1939 jazz standard by Earle Hagen & Dick Rogers

"Harlem Nocturne" is a 1939 jazz standard written by Earle Hagen with lyrics by Dick Rogers for the Ray Noble orchestra, of which they were members. The following year, the song was chosen by big band leader Randy Brooks as his theme song.

The version by the Viscounts has the distinction of being released twice and rising high on the Billboard charts each time: first in 1959, when it peaked at #52, and again in 1966, peaking at #39 on the Billboard Hot 100 chart. Their version also notably appears in the 1983 American horror film, Christine.

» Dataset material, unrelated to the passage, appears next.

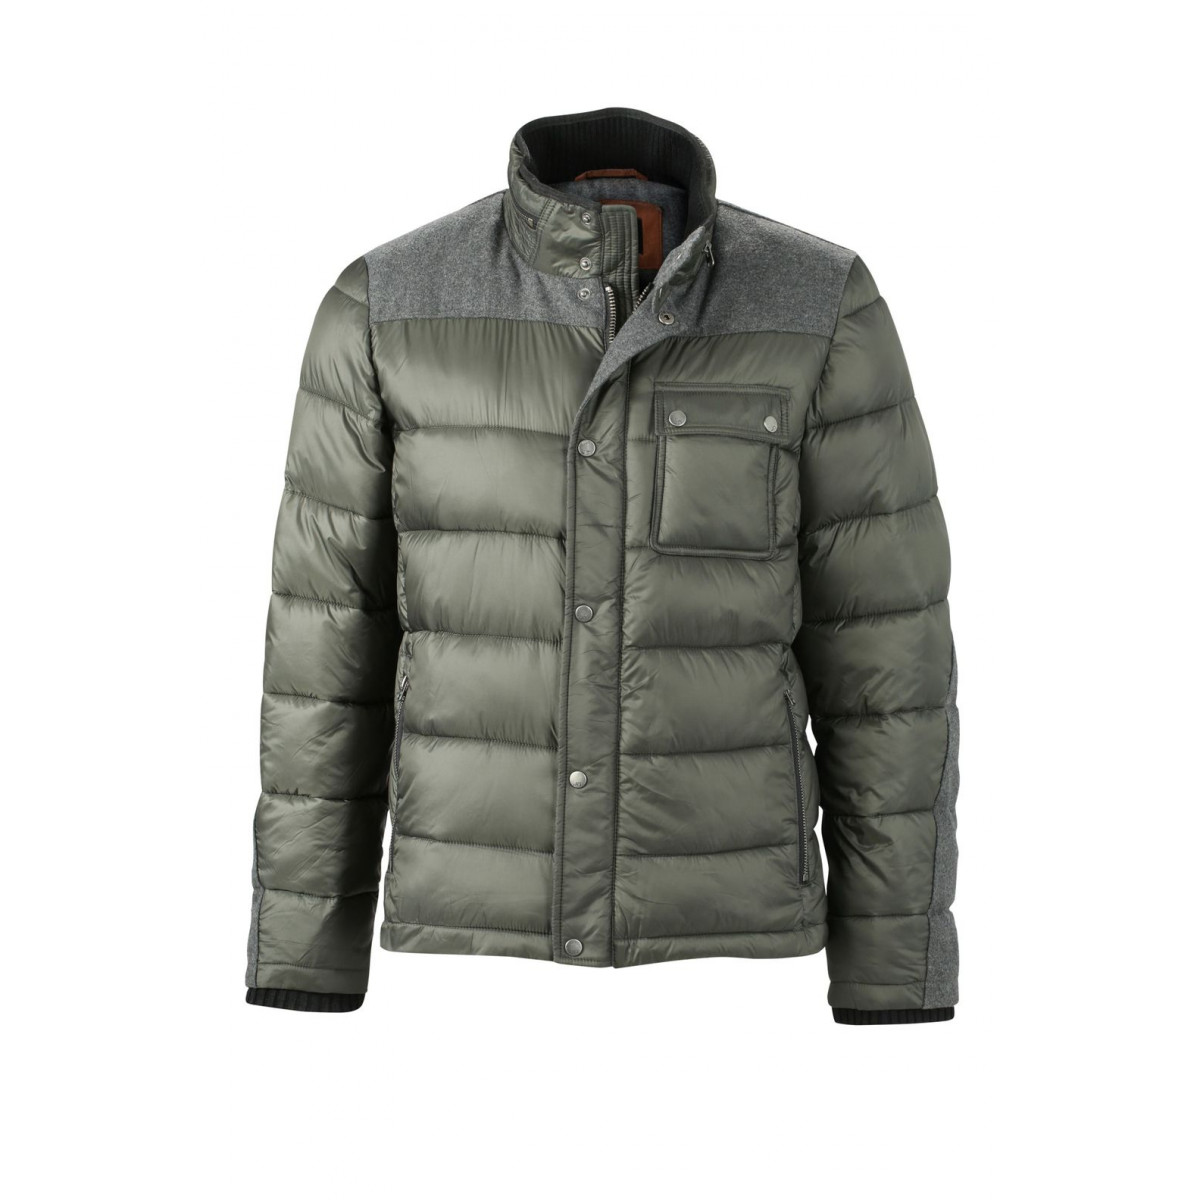 Куртка мужская JN1100 Mens Winter Jacket - Цвет хвои

"Harlem Nocturne", in a version with Bud Shank on alto saxophone, was the theme song of the television series Mickey Spillane's Mike Hammer and The New Mike Hammer.

Harold Faltermeyer recorded a version for the soundtrack to the film Tango & Cash.

In 1990, the pianist Kofi Wilmot gained popularity in the instrumental world for his cover version from the album of the same name, Harlem Nocturne.

Danny Gatton released a version on his 1993 album Cruisin' Deuces (Elektra/Rhino).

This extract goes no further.